Forum Moderators: open
In the days of the Monthly update Google most of pages of Site B were successfully added into the index. Now since the "continuous update" update started, I have witnessed a gradual removal of the Site B's Pages from the index.
I can't work out what is going on. I am not using any spamming techniques as site B has been built using the same techniques I have used on a lot of other sites which are all sitting happily in Google's index.
Any ideas how I go about sorting this out? At its peak Site B had about 80 pages in the index, now it's down to about 5!
You say "I created a new site (Site B) which I linked to the home page of my PR6 site. I did this in April this year. "
did you link from the PR6 page to the new page or from the new page to the PR6 page?
I assume you mean you linked from the PR6 to the new page ....
is that the only reference link into the new site or are there also other credible links into the new site?
It seems like Google is favoring ..well, whatever.. perhaps it really is a new emphasis on fresh content, as in recently updated pages. And the oldies&goodies get pushed out or put in the background for a while.
It could have something to do with the reconfiguration of the Gbot - now that it's deepfreshbot it has to do more things, and then there's also more of them out spidering all the time. With all this fresh content constantly added it seems that other (older, but not less valuable) content is sliding out the backdoor due to limited capacity.
I've seen some posts mention that there are scalability issues being worked on and i personally hope this is something they will be looking at, as this is not really good for the quality of their searches - some of the sites dropping are valuable sources that's been around for ages.
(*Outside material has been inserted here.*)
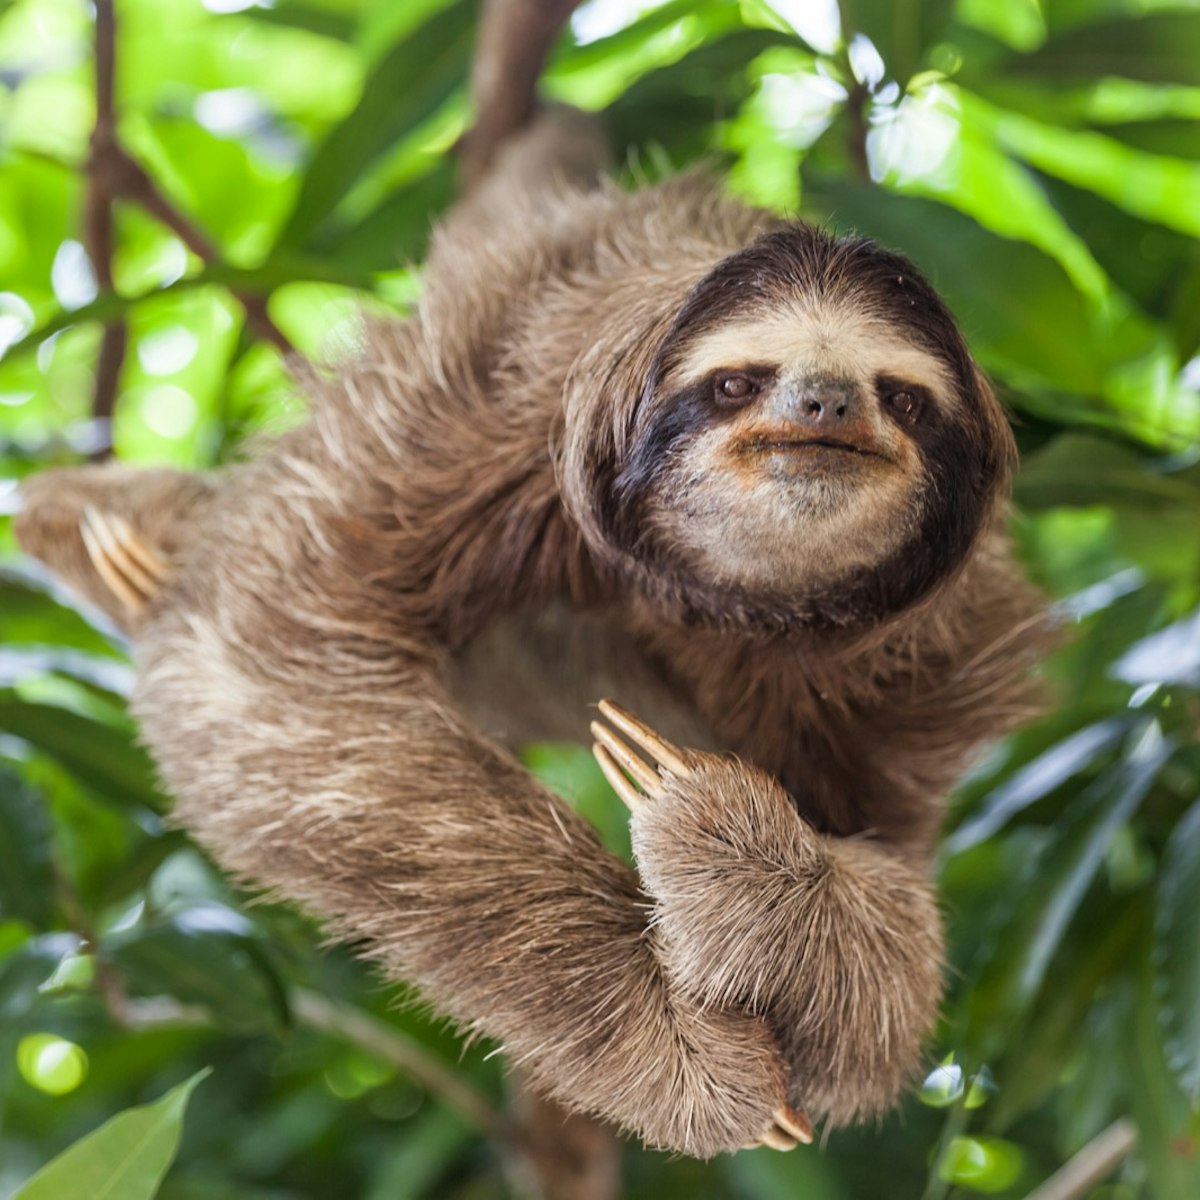 The sloth on the tree; Shutterstock ID 624132143; Your name (First / Last): Alicia Johnson; GL account no.: 65050; Netsuite department name: Online Editorial ; Full Product or Project name including edition: Panama

Personally i keep finding (updated but irrelevant) email-lists, discussion boards and blogs when i'm looking for quality (static) reference material and it's simply getting harder to find the good stuff.
Don't think this comment is valuable to you, but it's a thing i've been thinking a bit about lately. I admit, though, that it sounds like the usual "wait and see, it'll get better eventually" that has been aired quite a few times, sorry about that. Fact is that i haven't got a clue if it's going to be better, i just hope so.
/claus
any chance of duplicate content on site B?
also did you try adding "&filter=0" to the end of your search query you might be using to check site B's pages?
see also: [webmasterworld.com...] msg4
In any case - getting extra site external deeplinks to Site B's inner pages should also help.
Did you check if googlebot is chewing on your pages?
/claus
Now I'm beginning to wonder.
The observations people are reporting sound very similar to the old freshbot behaviour, but applied to the entire index over a longer timescale.
If the index was reaching capacity then a slow churn of pages would be one short-term workround. My guess is that this isn't a bug but a deliberately applied piece of sticking plaster.
They have recently increased the published index size too, although this size does not have to be recent just because the publishing of it is recent. This is at least a signal that they have increased capacity.
The "index" afaik is just one huge file that is already distributed across several machines, and the querying consist of identifying pointers to the relevant part(s) of this file. In principle just like when you make a zipfile that spans a couple of floppies, although somewhat more complicated and much larger. It's a very unconventional setup, but it has proved very efficient and scalable sofar.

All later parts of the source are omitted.